First,Minutes from the previous meeting in NovemberIt showed that at the FOMC meeting at that time, many participants believed that holding interest rates steady throughout the year might be appropriate, while several thought it would be appropriate to continue cutting rates. Nick Timiraos, a senior Fed reporter known as the "New York Fed's press," pointed out that "many" refers to a larger number than "several," although most officials still believed that rate cuts would be appropriate in the future, regardless of whether it was in December or not.
Moreover, this minutes indicate that at the December meeting, a majority of participants supported a rate cut that month, including some officials who had previously leaned toward pausing the rate cuts this month.
Second, the minutes also indicated that there was considerable disagreement among Federal Reserve policymakers at the December meeting regarding which posed a greater threat to the U.S. economy— inflation or unemployment. Most believed that cutting interest rates would help prevent deterioration in the labor market. The minutes stated:
When discussing risk management factors that could affect the outlook for monetary policy, participants generally judged that the upside risks to inflation remain high, while the downside risks to employment are also significant and have increased since mid-2025.MostThe participants pointed out that,Shifting to a more neutral policy stance would help prevent a significant deterioration in the labor market.Many of these participants also noted that the existing evidence suggests a reduced likelihood of tariffs causing persistent high inflationary pressures.
By contrast, Fed officials who supported not cutting interest rates emphasized the risks of inflation. The minutes stated:
"Hello, how areSome (several)The participants pointed out that there exists...The risk of rising inflation becoming entrenchedand believes that further reductions in policy interest rates are warranted despite persistently high inflation data.May be misunderstood as,Imply that policymakers' commitment to the 2% inflation target has weakened.Participants judged that risks needed to be carefully balanced and agreed that well-anchored long-term inflation expectations were critical to achieving the Committee's dual mandate.
The reserve balance has been reduced to an adequate level.
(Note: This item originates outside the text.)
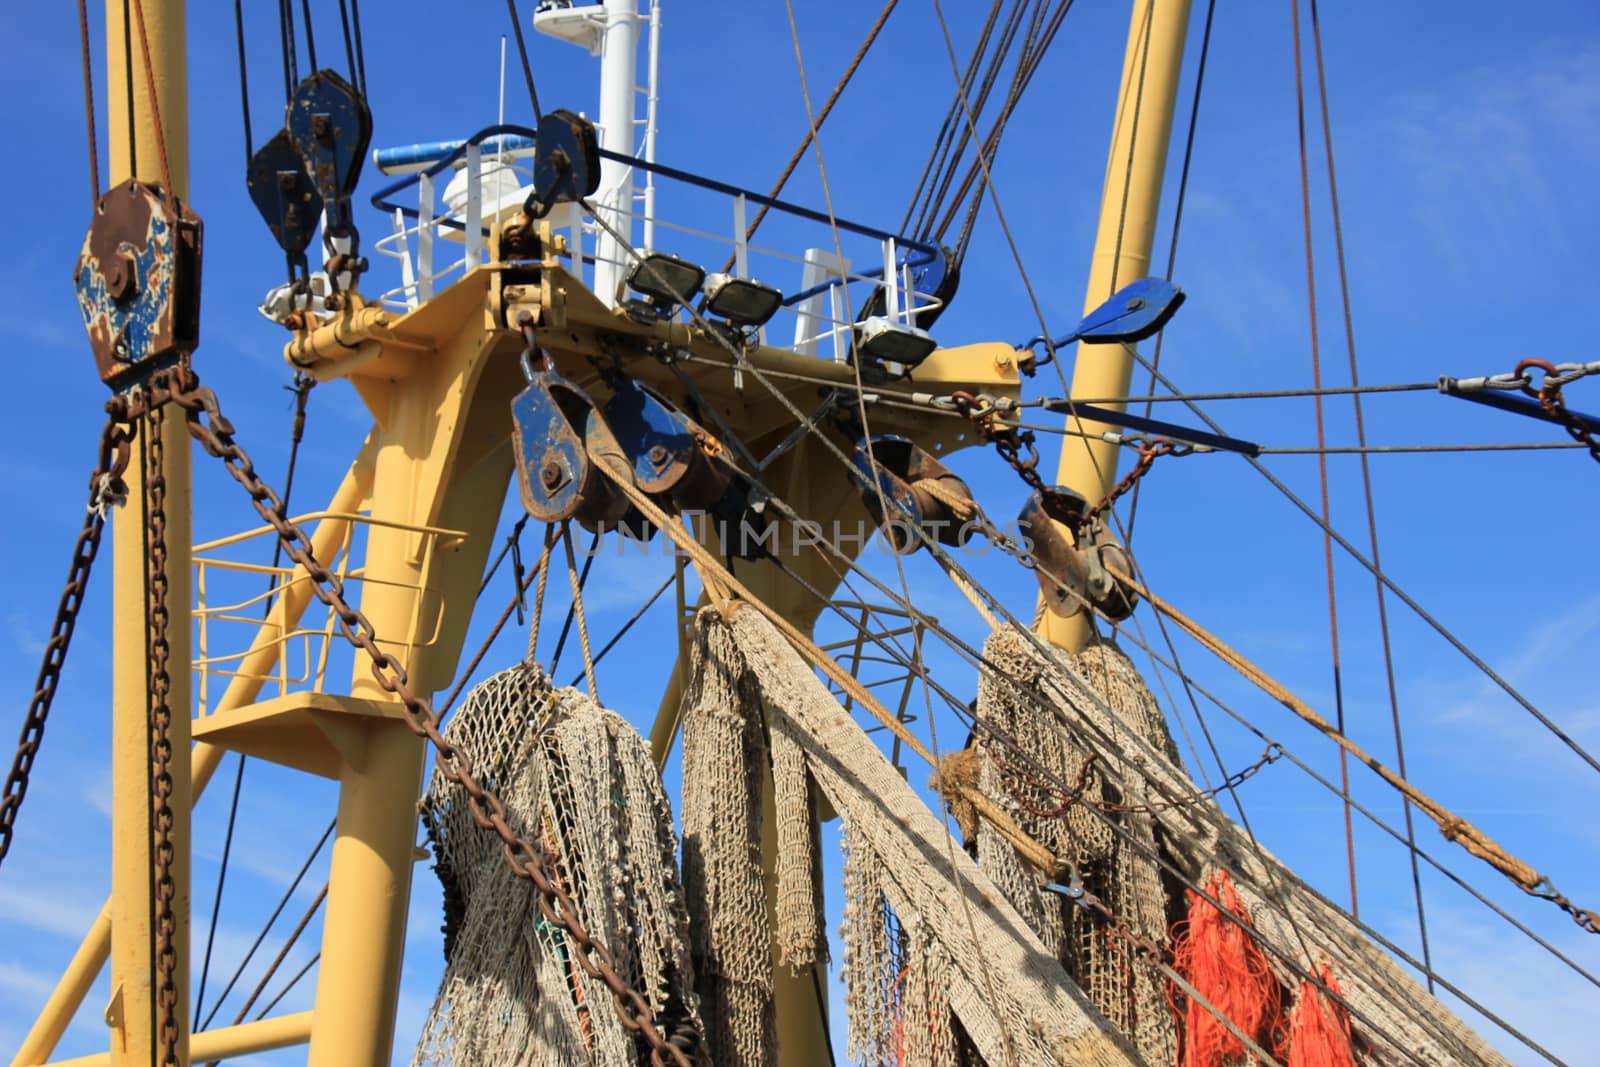 Fishing nets on a mid size trawler

At the December meeting, as expected by Wall Street, the Federal Reserve launched its Reserve Management Program (RMP), deciding to purchase short-term Treasury securities at year-end to address pressures in the money market. The statement from the meeting at that time read:
The FOMC Committee believes that,The reserve balance has been reduced to an adequate level.and thenStart purchasing short-term government bonds as needed., and thus it continuesMaintain an adequate supply of reserves."
The minutes also reiterated that the condition for initiating the RMP is met when the reserve balance reaches the threshold. The minutes stated,
When discussing issues related to the balance sheet, the participants unanimously agreed that,"The reserve balance has been reduced to an adequate level."FOMC stands for Federal Open Market Committee."We will purchase short-term government securities as needed to continuously maintain an ample supply of reserves."